China's ruling party tells officials to quit it with the Versailles-like construction

As part of the president’s anti-corruption drive, Xi Jinping is banning the construction of opulent state buildings.

A man walks toward a newly built government office building in Fuyang city in eastern China's Anhui province, April 6, 2007. China's leaders have banned the construction of government buildings for five years as another step in a frugality drive that aims to calm public anger at corruption.

Tourists seeking a shortcut to some of the great buildings of the world need look no further than Yingquan.

Yes, Yingquan, a spot on the map in southern China of which almost nobody has ever heard and which has nothing to recommend it to visitors – except its municipal headquarters.

But what a headquarters!

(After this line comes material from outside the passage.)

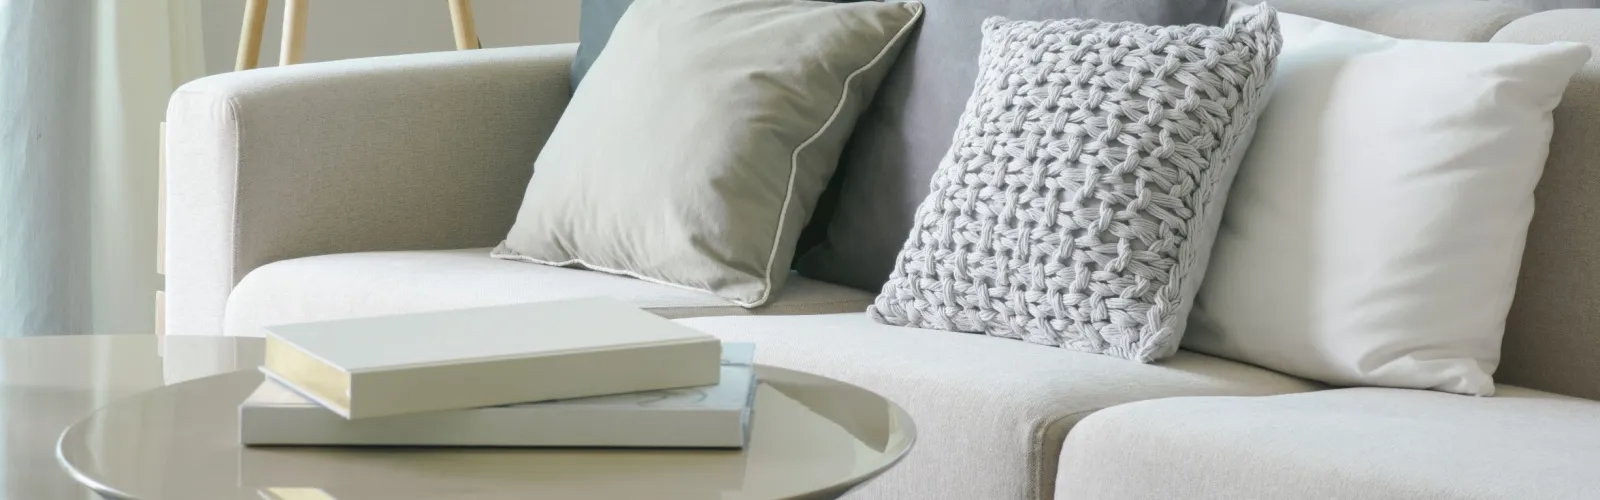 a white couch with pillows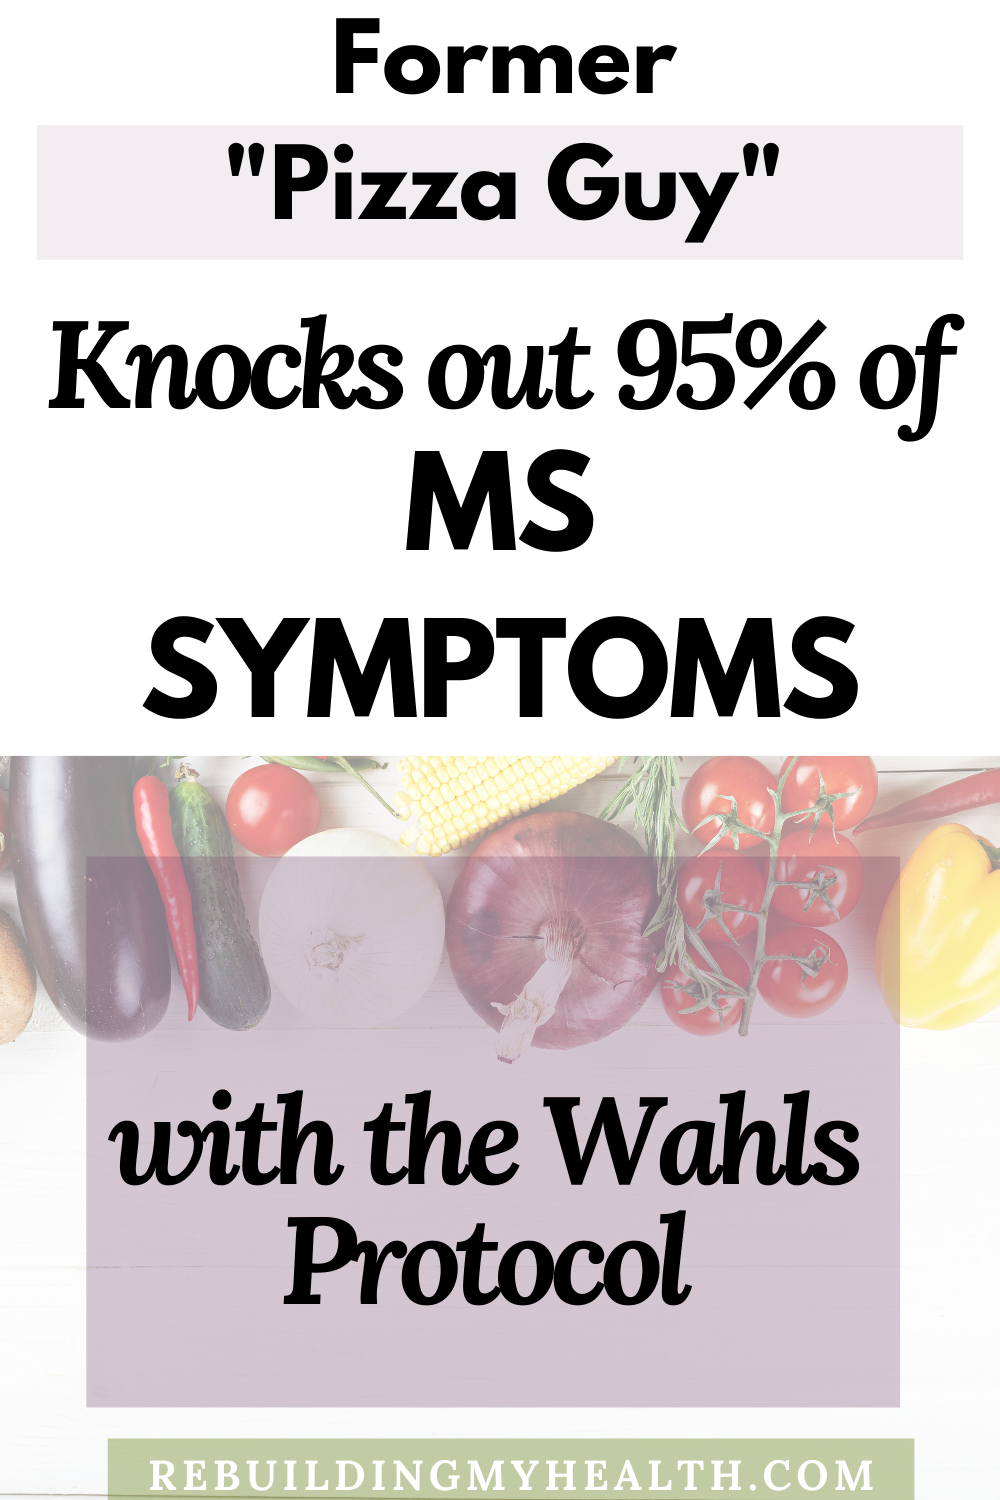 After Tony developed multiple sclerosis, he turned to lifestyle changes - including the Wahls Protocol - to reduce symptoms and prevent flares.

A grand flight of steps rises to a wide portico topped by a classical pediment (tick off the Pantheon in Rome.) On either side, above a towering colonnade, grey tiled mansard roofs stretch the length of the building (saves you going to the Palace of Versailles outside Paris.) And rising above it all, a dome that could have been lifted from the US Capitol.

Built in 2006 to the greater glory of the local Communist Party, this ostentatious piece of wedding cakery was the sort of thing the Chinese government had in mind this week when it banned the construction of any government building for the next five years.

The directive, the latest shot in President Xi Jinping’s frugality campaign, said that such buildings – and there are many grandiose palaces in the most unimportant places – have “damaged the party and government spirit and affected the image of the party and government,” according to the official Xinhua news agency.

Chinese citizens have made no secret of their outrage at the waste of public money these mansions represent. Yingquan, for example, is a district of the city of Fuyang in Anhui Province, one of the poorest in China, where the average farmer’s income is less than $100 a month.

But that hasn’t stopped self-aggrandizing local officials from building themselves the most opulent of quarters. The city of Jinan, for example, capital of the eastern province of Shandong, boasts the largest government building in Asia, not much smaller than the Pentagon.

It cost $660 million, according to Xinhua.

The central government officials who issued the directive – an unusual joint notice from the Communist Party Central Committee General Office and the State Council, the government top body – are clearly wise to the tricks of their subordinates in the boondocks.

Not only are all new buildings banned, the instruction said, but neither can officials buy property, nor can they claim renovation or redevelopment as reasons to expand their offices.